Different Approaches to Big Data Analysis

Statistics for Big Data For Dummies

In many cases, big data analysis will be represented to the end user through reports and visualizations. Because the raw data can be incomprehensively varied, you will have to rely on analysis tools and techniques to help present the data in meaningful ways.

New applications are coming available and will fall broadly into two categories: custom or semi-custom.

Custom applications for big data analysis

In general, a custom application is created for a specific purpose or a related set of purposes. For big data analysis, the purpose of custom application development is to speed up the time to decision or action.

R environment

The “R” environment is based on the “S” statistics and analysis language developed in the 1990s by Bell Laboratories. It is maintained by the GNU project and is available under the GNU license.

While challenging to fully comprehend, its depth and flexibility make it a compelling choice for analytics application developers and “power users.” In addition, the CRAN R project maintains a worldwide set of File Transfer Protocol and web servers with the most up-to-date versions of the R environment. A commercially supported, enterprise version of R is also available from Revolution Analytics.

More specifically, R is an integrated suite of software tools and technologies designed to create custom applications used to facilitate data manipulation, calculation, analysis, and visual display. Among other advanced capabilities, it supports

Effective data-handling and manipulation components.
Operators for calculations on arrays and other types of ordered data.
Tools specific to a wide variety of data analyses.
Advanced visualization capabilities.
S programming language designed by programmers, for programmers with many familiar constructs, including conditionals, loops, user-defined recursive functions, and a broad range of input and output facilities.

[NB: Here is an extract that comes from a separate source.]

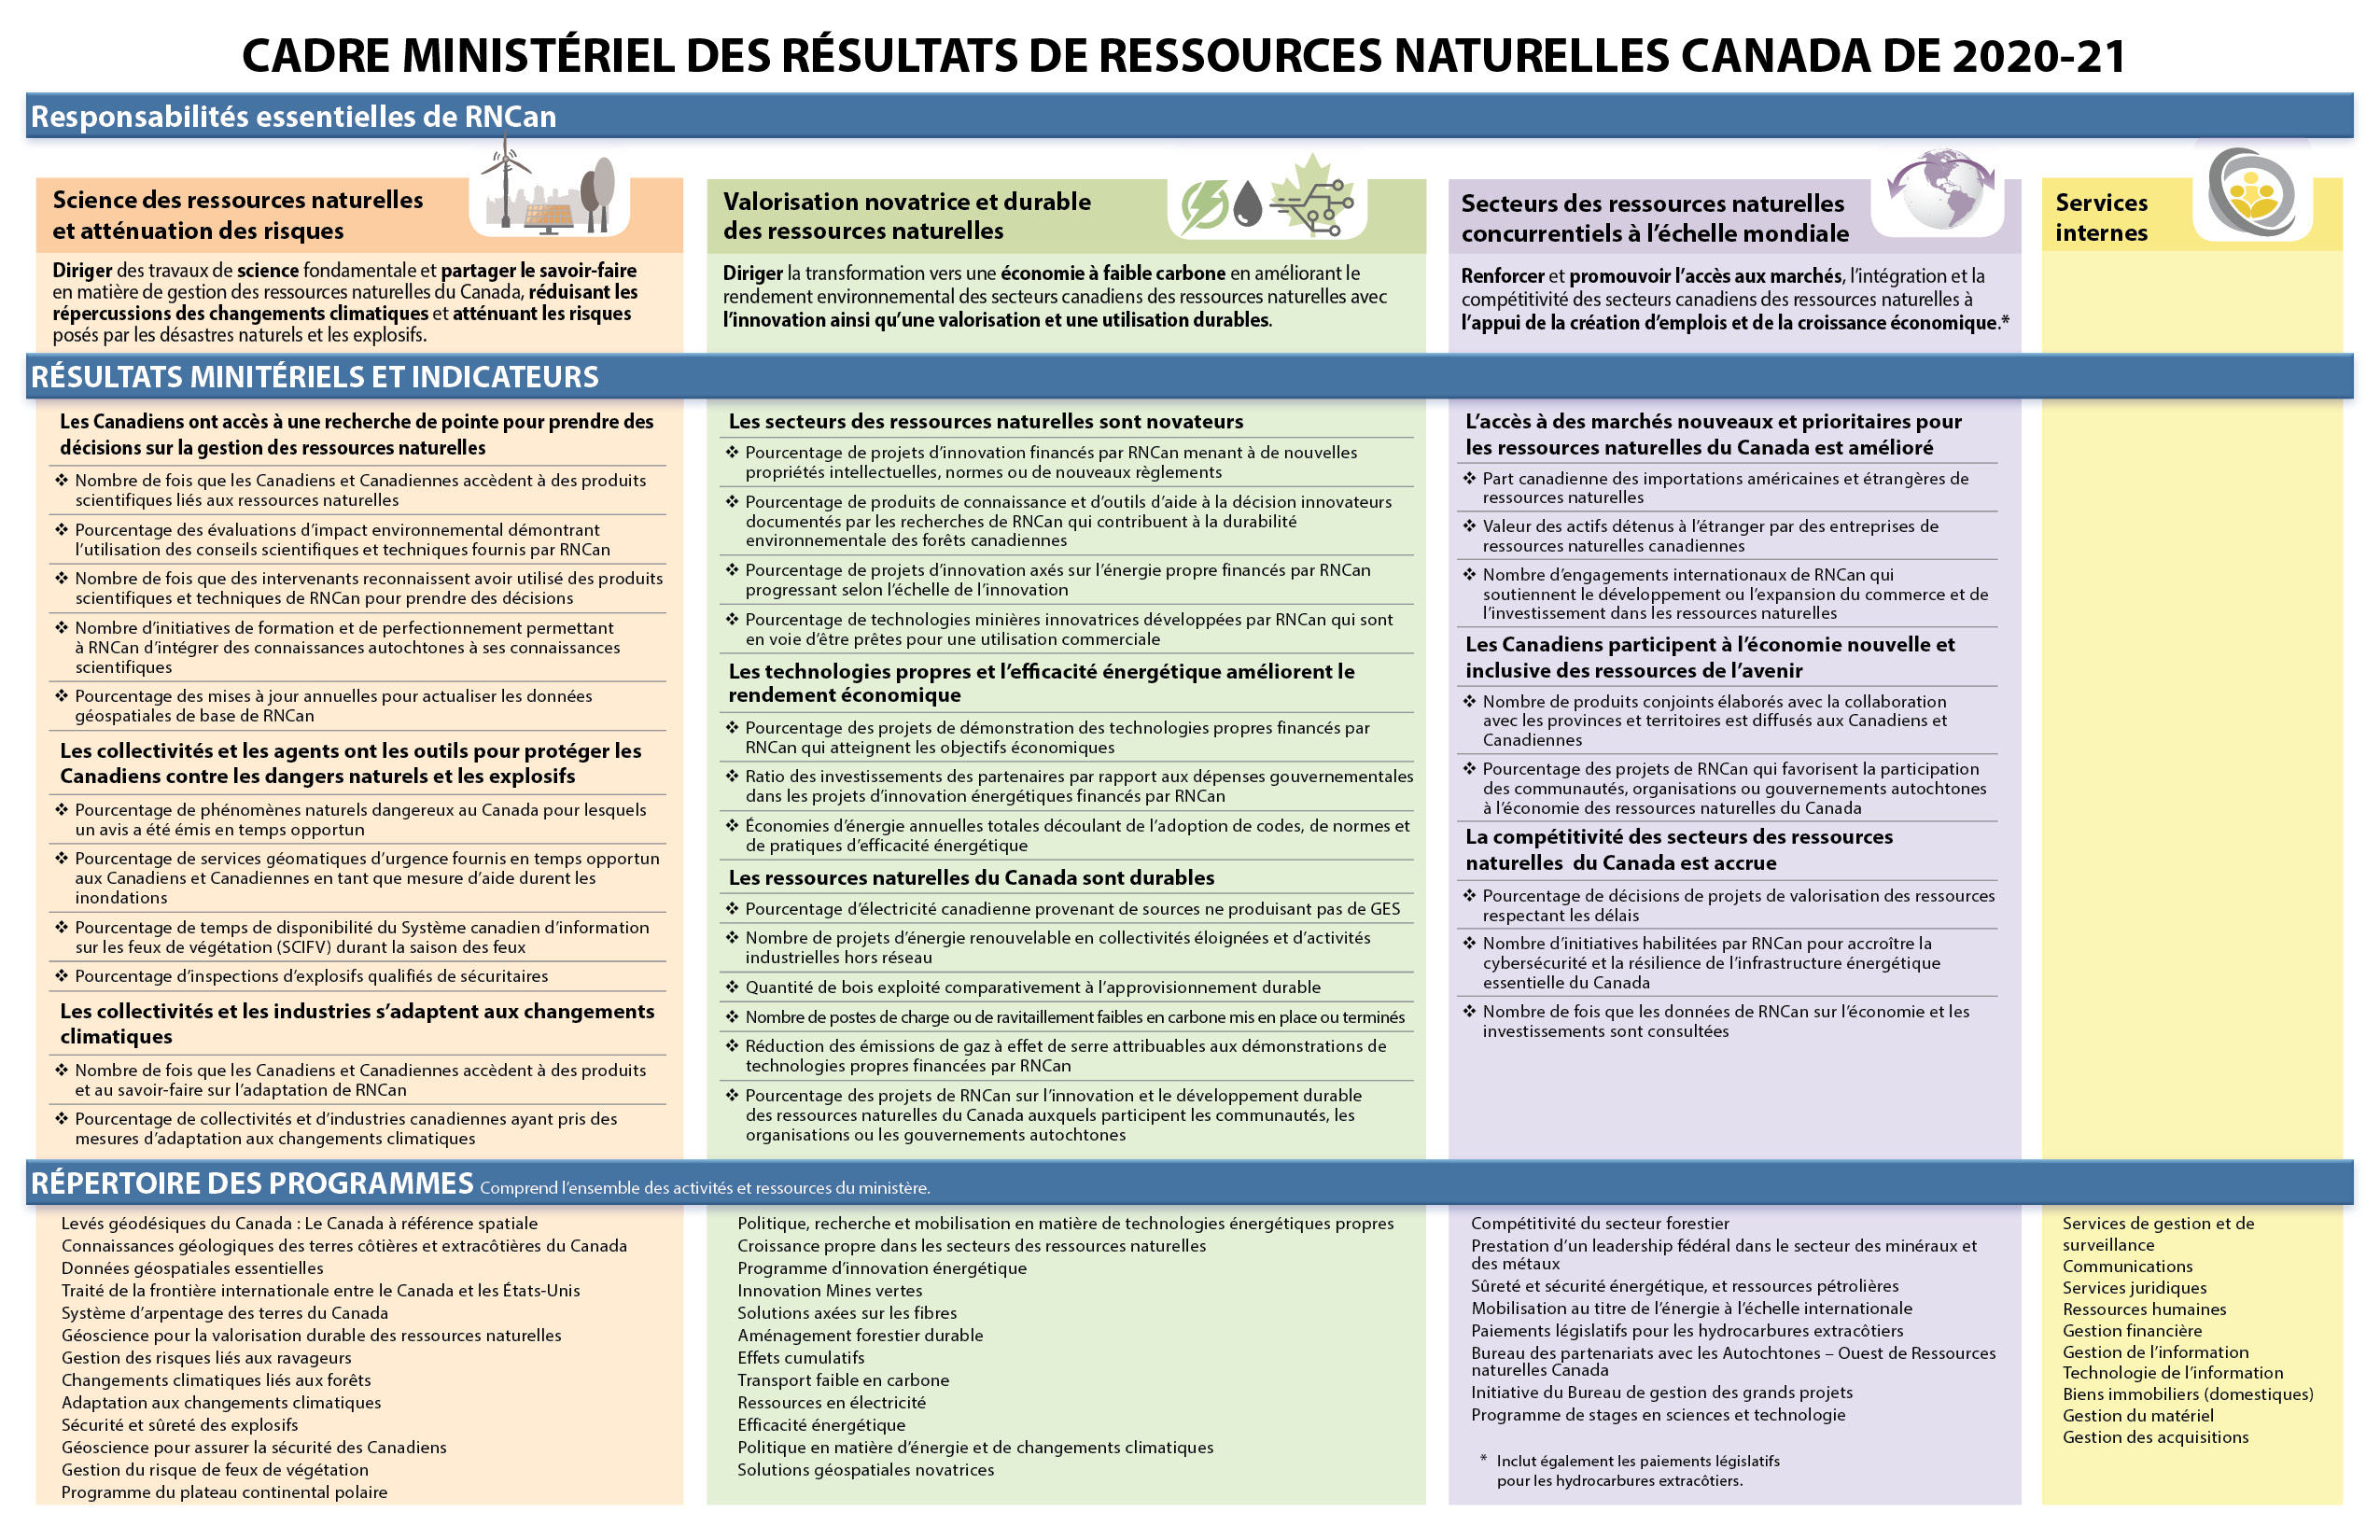 graphique montrant le cadre ministériel des résultats de Ressources naturelles Canada 2020-2021

R is well suited to single-use, custom applications for analysis of big data sources.

Google Prediction API

The Google Prediction API is an example of an emerging class of big data analysis application tools. It is available on the Google developers website and is well documented and provided with several mechanisms for access using different programming languages. To help you get started, it is freely available for six months.

The Prediction API is fairly simple. It looks for patterns and matches them to proscriptive, prescriptive, or other existing patterns. While performing its pattern matching, it also “learns.” The more you use it, the smarter it gets.

Prediction is implemented as a RESTful API with language support for .NET, Java, PHP, JavaScript, Python, Ruby, and many others. Google also provides scripts for accessing the API as well as a client library for R.

Predictive analysis is one of the most powerful potential capabilities of big data, and the Google Prediction API is a very useful tool for creating custom applications.

Semi-custom applications for big data analysis

In truth, what many people perceive as custom applications are actually created using “packaged” or third-party components like libraries. It is not always necessary to completely code a new application. Using packaged applications or components requires developers or analysts to write code to “knit together” these components into a working custom application. The following are reasons why this is a sound approach:

Speed to deployment: Because you don’t have to write every part of the application, the development time can be greatly reduced.
Stability: Using well-constructed, reliable, third-party components can help to make the custom application more resilient.
Better quality: Packaged components are often subject to higher quality standards because they are deployed into a wide variety of environments and domains.
More flexibility: If a better component comes along, it can be swapped into the application, extending the lifetime, adaptability, and usefulness of the custom application.

Another type of semi-custom application is one where the source code is available and is modified for a particular purpose. This can be an efficient approach because there are quite a few examples of application building blocks available to incorporate into your semi-custom application:

TA-Lib: The Technical Analysis library is used extensively by software developers who need to perform technical analysis of financial market data. It is available as open source under the BSD license, allowing it to be integrated into semi-custom applications.
JUNG: The Java Universal Network Graph framework is a library that provides a common framework for analysis and visualization of data that can be represented by a graph or network. It is useful for social network analysis, importance measures, and data mining. It is available as open source under the BSD license.
GeoTools: An open source geospatial toolkit for manipulating GIS data in many forms, analyzing spatial and non-spatial attributes or GIS data, and creating graphs and networks of the data. It is available under the GPL2 license, allowing for integration into semi-custom applications.